En la práctica de la Inspección de Trabajo
esta conducta se ha detectado con frecuencia en los anuncios
publicitarios publicados en los medios de comunicación
en los que se solicitan mujeres u hombres para determinados
empleos, o también personas de una concreta y determinada
edad, y ya ha habido varios supuestos en los que se ha iniciado
un procedimiento sancionador por violación de este
precepto.
Mucho más difícil resulta su comprobación
en aquellos casos en los que las condiciones discriminatorias
no se hacen públicas o no llegan a ser conocidas
por los afectados en la selección de personal.
También se hace particularmente difícil su
aplicación dentro del derecho sancionador en los
numerosos supuestos en los que la selección de trabajadores
por el empresario solo ha recaído en personas de
determinado sexo, edad o condición social.
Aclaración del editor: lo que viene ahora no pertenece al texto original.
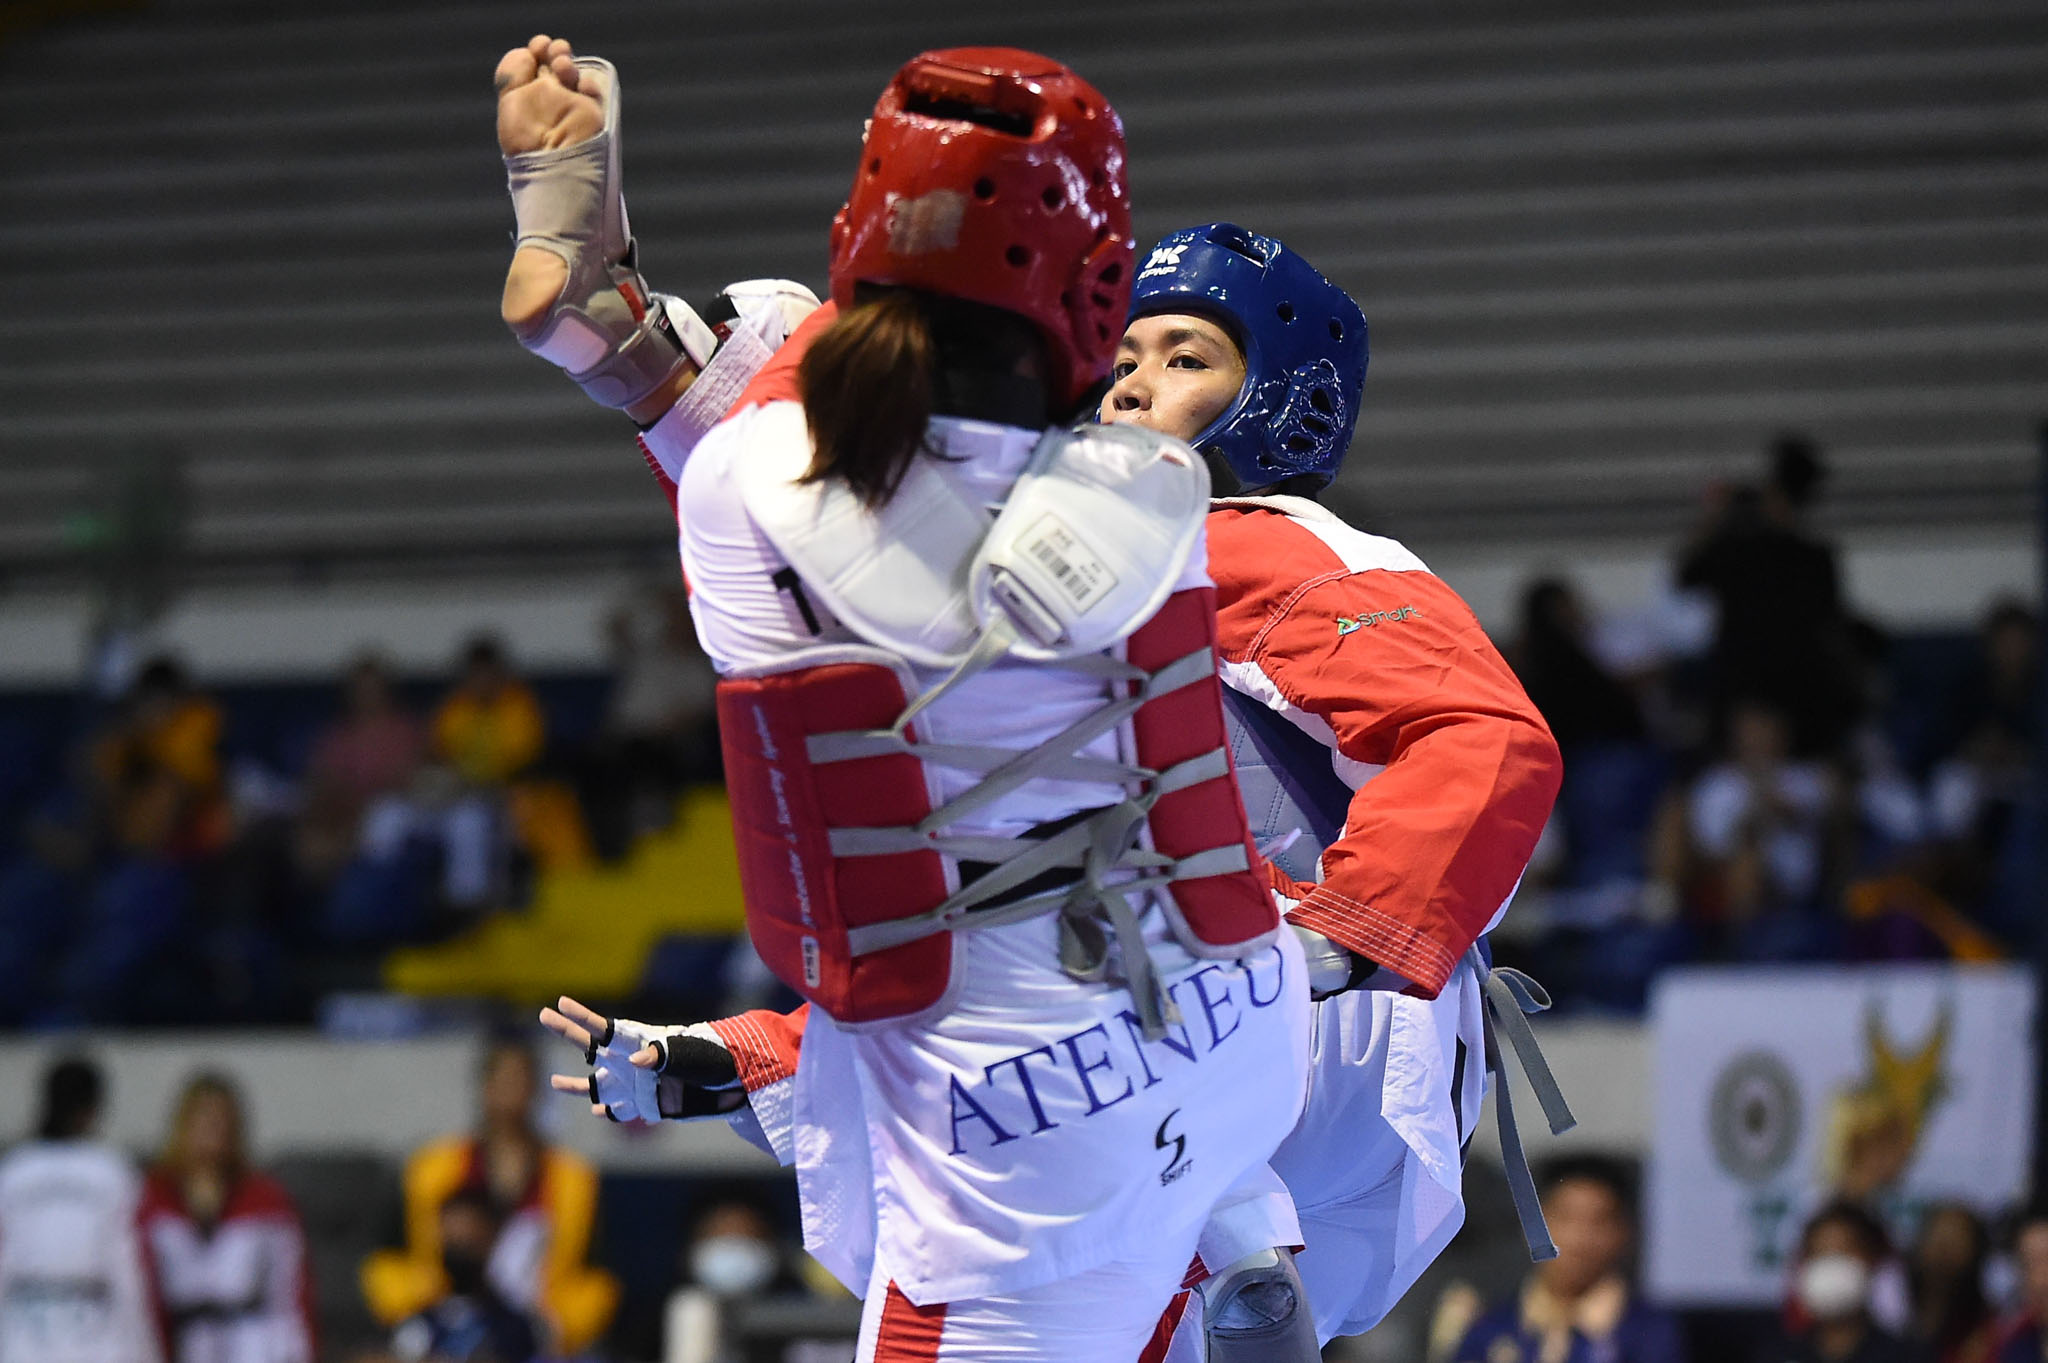 UAAP-85-Taekwondo-Women-NU-MCann-Nicole-2 UAPA 85 CTK: Barbosa a class above, leads NU to 3-0 slate in title defense ADMU DLSU FEU News NU Taekwondo UAAP UP UST  - philippine sports news

Se ve
en la práctica que en determinadas profesiones, como
por ejemplo las relacionadas con la construcción,
se emplea mayoritariamente a hombres y en otras, como la
limpieza, se emplea mayoritariamente a mujeres.
En estos casos, la acción de la Inspección
se puede orientar hacia la propuesta o el impulso de medidas
de promoción de la contratación de los colectivos
presuntamente discriminados en los términos que luego
veremos.
Los actos discriminatorios
La segunda conducta infractora referida a este tema es
la prevista por el Art. 8.12 de la LISOS, que tipifica como
infracción muy grave "las decisiones unilaterales
del empresario que impliquen discriminaciones directas o
indirectas desfavorables por razón de edad o discapacidad
o favorables o adversas en materia de retribuciones, jornadas,
formación, promoción y demás condiciones
de trabajo, por circunstancias de sexo, origen, incluido
el racial o étnico, estado civil, condición
social, religión o convicciones, ideas políticas,
orientación sexual, adhesión o no a sindicatos
y a sus acuerdos, vínculos de parentesco con otros
trabajadores en la empresa o lengua dentro del Estado español,
así como las decisiones del empresario que supongan
un trato desfavorable de los trabajadores como reacción
ante una reclamación efectuada en la empresa o ante
una acción judicial destinada a exigir el cumplimiento
del principio de igualdad de trato y no discriminación".
La cuál conllevaría también una sanción
comprendida entre los 3.000 y 90.000 €.
El texto de este precepto fue reformado por la Ley 62/2003
para introducir algunas novedades importantes.
En primer lugar, se introdujo por primera vez la penalización
de las discriminaciones indirectas, que son aquellas que
tienen una mera apariencia formal de objetividad pero que
de hecho resultan lesivas del derecho a la igualdad de trato.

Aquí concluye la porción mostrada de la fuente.